Since we do not observe significant pattern related to salary visually, we then use principle component analysis to find out if there is influential factor on salary. After using one hot encoding, we transform all the categorical variables into binary form. Then we use singular value decomposition with salary as the target variable with principle components number set to 5, and plot the first 2 principle components as oppose to target variable, salary.
The result as shown in figure 9 does not show a obvious pattern between our computed principle components and target variable. So we then computed the explained variance of each principle components. We see from figure 10 that all of the 5 principle components explain a very low variance of our target variable, which indicates we are unable to find significant predictors through principle components analysis.
Therefore, we check the correlation matrix to find out the exact correlation. As in figure 11, the absolute value of correlation between all variables and salary is lower than 0.2, which means that there is weak linear relationship. Therefore, we would most likely not getting accurate prediction with linear regression on this topic.
However, we could still try to fit a multiple linear regression model to examine the fit and loss. We first exclude the outliers that we see in figure 8. To do this, we only use the student data with a salary of 600,000 or below. After fitting the model, we computed the loss by average squared error and get a value of 3320467395 which is very larger, and our plot of predicted value v.s. true value also shows that fitting linear regression model would not be ideal in this case.
4.4 Can we predict the placement of a student?
However, we indeed find some factors that are influencing the likelihood of being employed. Thus, we could apply logistic regression to predict placement status of students. From what we learned from 5.1, we choose bachelor’s degree percentage, work experience, gender, bachelor’s degree type and MBA specialization as our predictors, and status as target variables. Using logistic regression model in sci-kit learn package to fit our data, we are able to get the result confusion matrix [[ 19, 48],[ 9, 139]]). We compute the probability of four kinds of result in confusion matrix and plot a heat map as figure 12 where we can visualize it more clearly. In this model, we have probability of 0.26 in true negative, 0.05 in false negative, 0.16 in false positive and 0.53 in true positive result. In general, our model is of approximately 79 percent accuracy, which predict most placement correctly.

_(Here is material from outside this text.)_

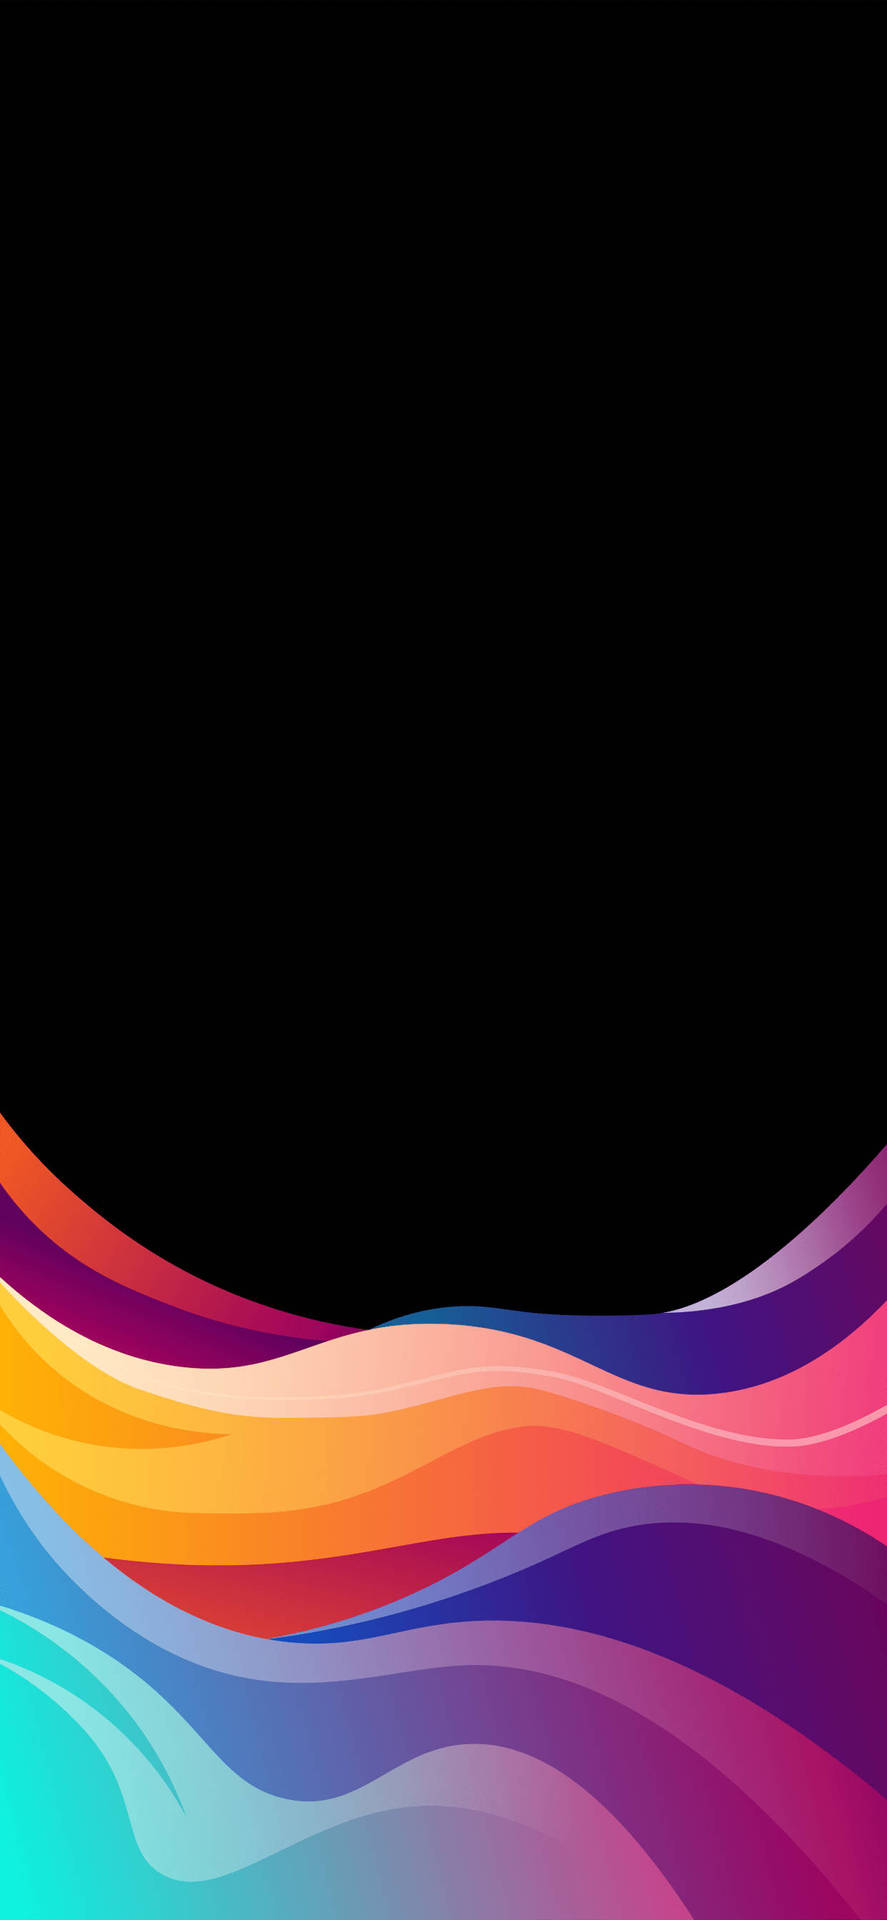 Pink Iphone Xr Colorful Wave Sturucture Wallpaper

5. Conclusion and Future Work
From the analysis above, we discover that several factors are having effect on the placement of employment to different degree. The factors that have most influence are work experience. Those who have previous working experience are significantly of more likelihood to be employed; the bachelor’s degree percentage also plays some role, but in MBA this factors does not distinguish anymore. This shows the importance of accumulating practical experience outside from the coursework.

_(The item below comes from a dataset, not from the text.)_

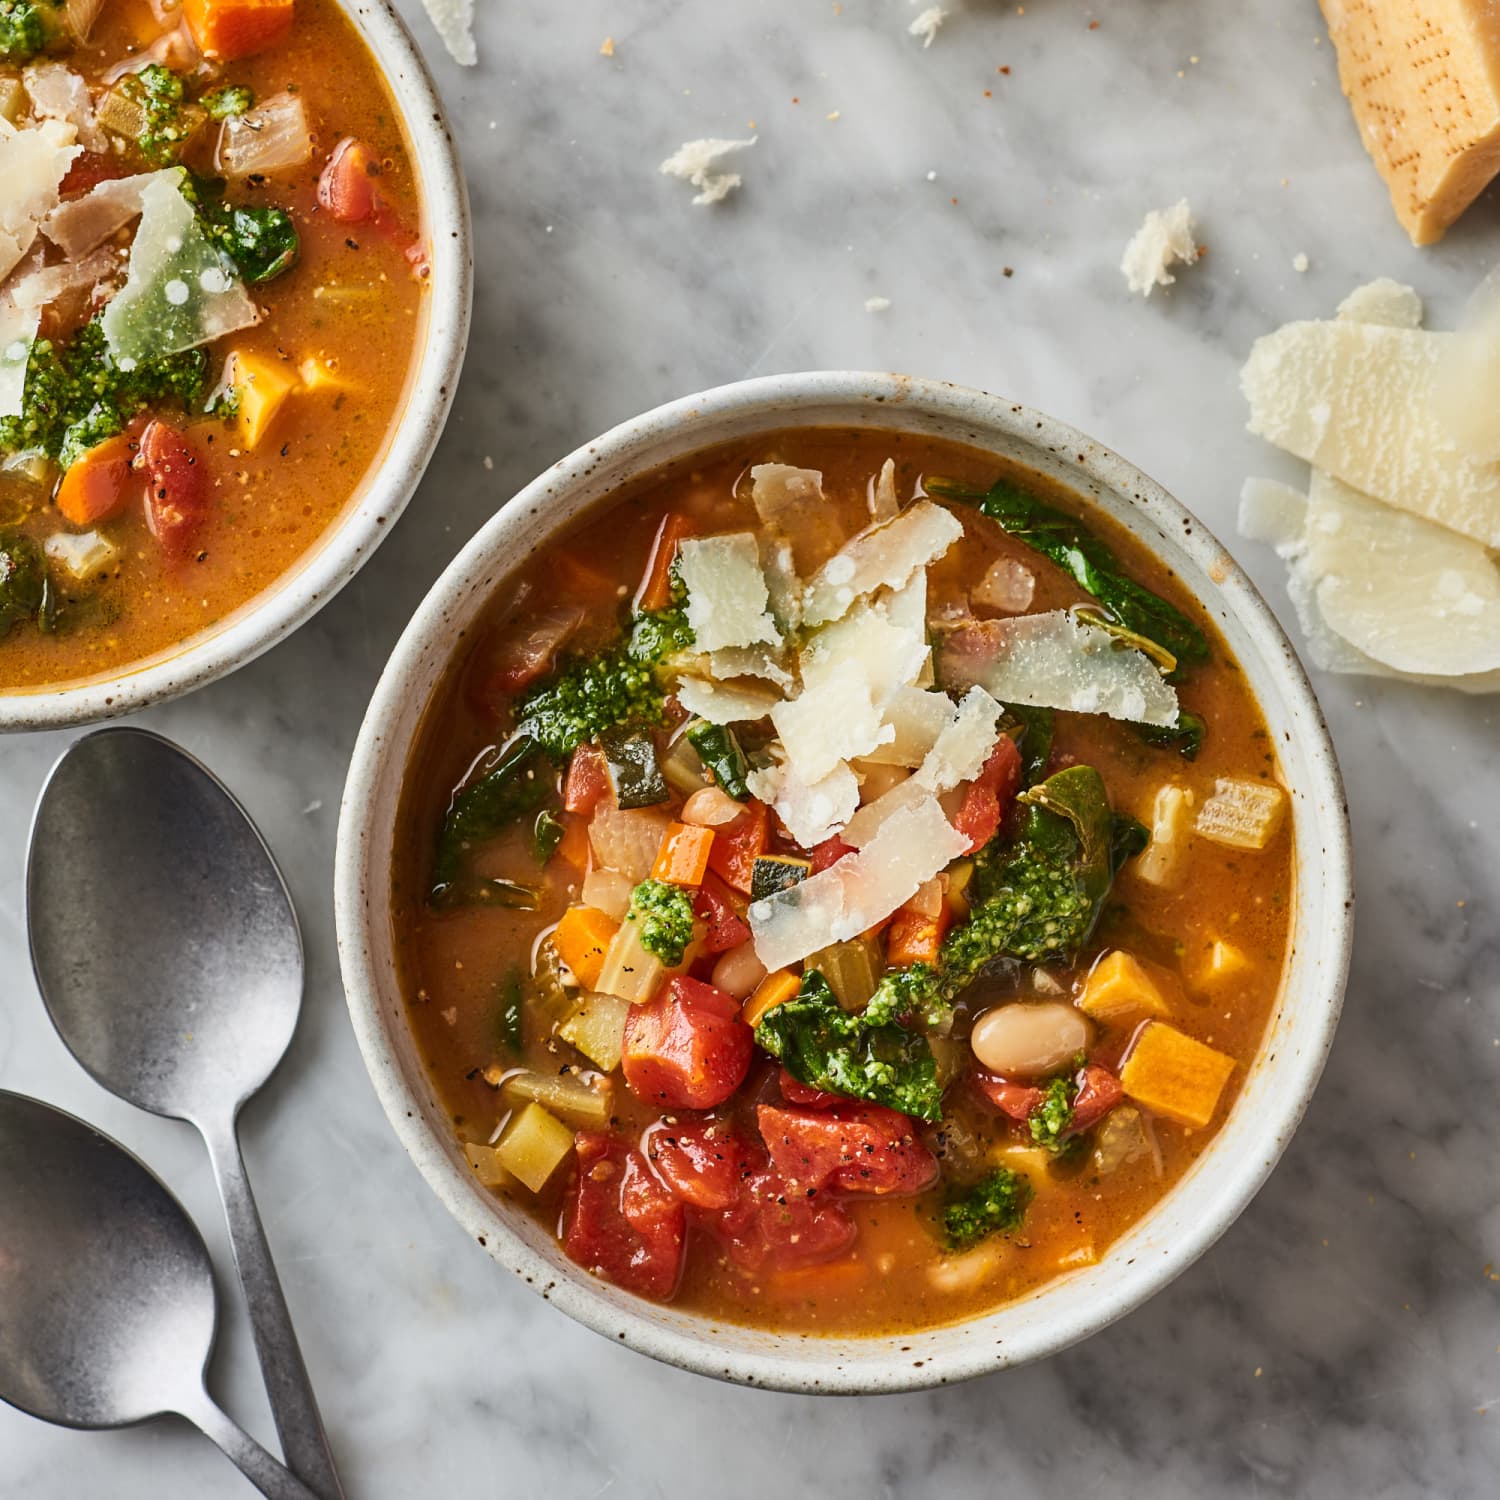 https://cdn.apartmenttherapy.info/image/upload/f_jpg,q_auto:eco,c_fill,g_auto,w_1500,ar_1:1/k%2FPhoto%2FRecipes%2F2019-12-How-To-Classic-Minestrone-Soup%2FHT-Classic-Minestrone-Soup_036

The area of study in undergraduate study does not distinguish much in placement, however, in MBA, Mkt&Fin have more proportion of placement than that in Mkt&HR. The male also have some advantages in getting jobs based on this data set. Interestingly, the employability which is calculated to evaluate the students’ possibility of being employed does not show a significance indication on students’ actual placement status. Combining these analysis, we are able to fit a logistic regression model that will predict the placement of a student with nearly 80 percent accuracy given their bachelor degree percentage, gender, work experience, and areas of study in undergraduate and MBA.

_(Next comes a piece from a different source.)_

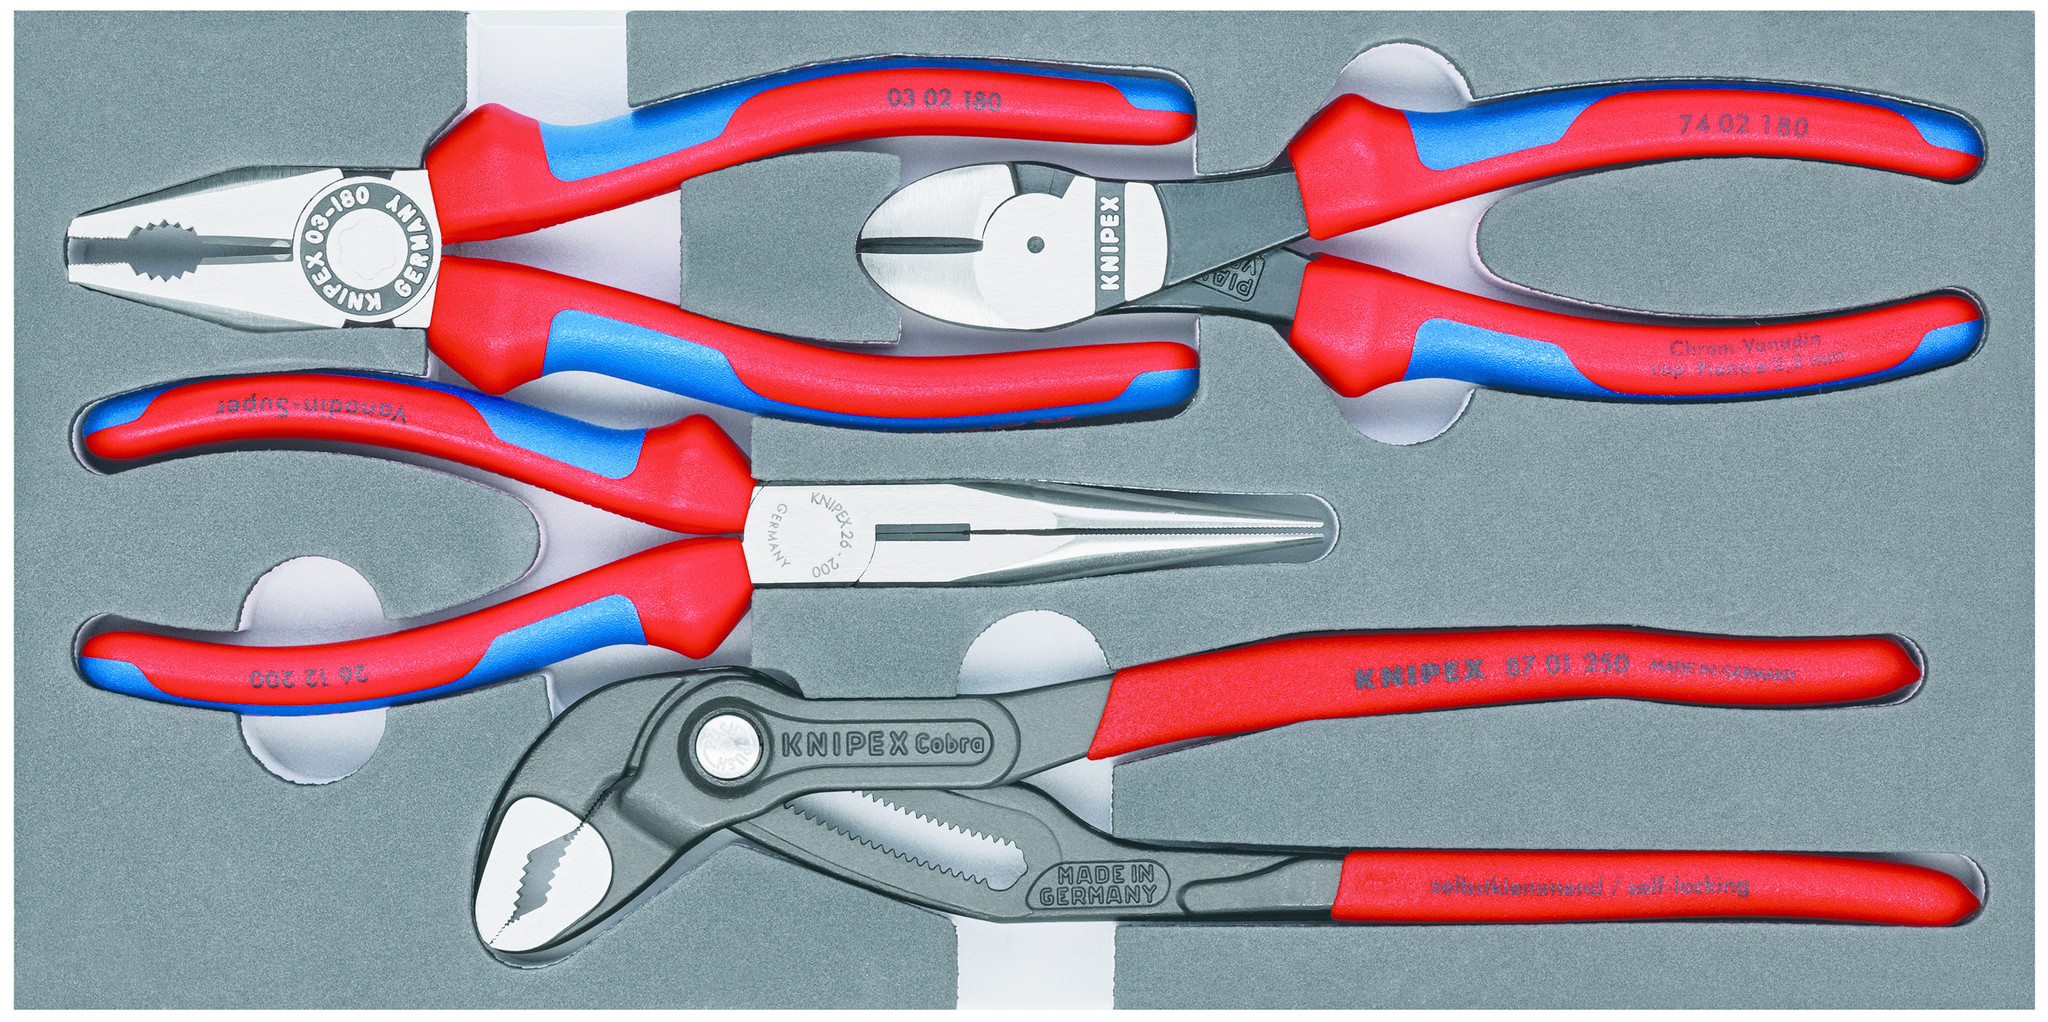 4-delige professionele tangenset KNIPEX 00 20 V15 - Cable-Engineer.nl

In the analysis of salary, we did not find significant relationship and determinants to conduct a accurate prediction, since the linearity between the potential factors and salary are not strong enough. This could also due to the size of our data set. Because our observation is limited, the salary distribution does not have much variation. Therefore, it is hard to find variables that have an obvious linear relationship to it.
To further proceed the result we have achieved, it would be helpful to apply the method on a larger data set and, ideally, have distributed salary values. Also, the result would be more generalized if the students are composed from a greater scope, foe example, from many different other university in different area.
*A challenge I encountered in this project, but also an meaningful lesson, is how to find a appropriate graph to show the relationship I want to present in a unbiased way. I found the part that took me the most time is to think what kind of graph I should use in a specific situation rather than figure out how to code them. One thing I learn is that rather than thinking about what kind of graph I should code, try to figure out the relationship between the variable first would helps a lot, especially there relationship based on their numerical or categorical characteristic. Once I have that in mind, I would be above to have a blue print about what I could plot with these variable in mind, and then try different method to choose the best way.
*Another very important note is pay attention to the relationship between count and proportion of the variable in a given set, since the visualization would give completely different result, which could be deceiving. The example is Figure 4, initially I plot the grouped bar chart that show the number, which seem that male has a significant advantage in getting job. However, after plotting a proportion graph relative to the size of their own group, the difference is not that noticeable. The previous distinction is largely due to the size of male it self is greater than the size of female. (graph in appenix)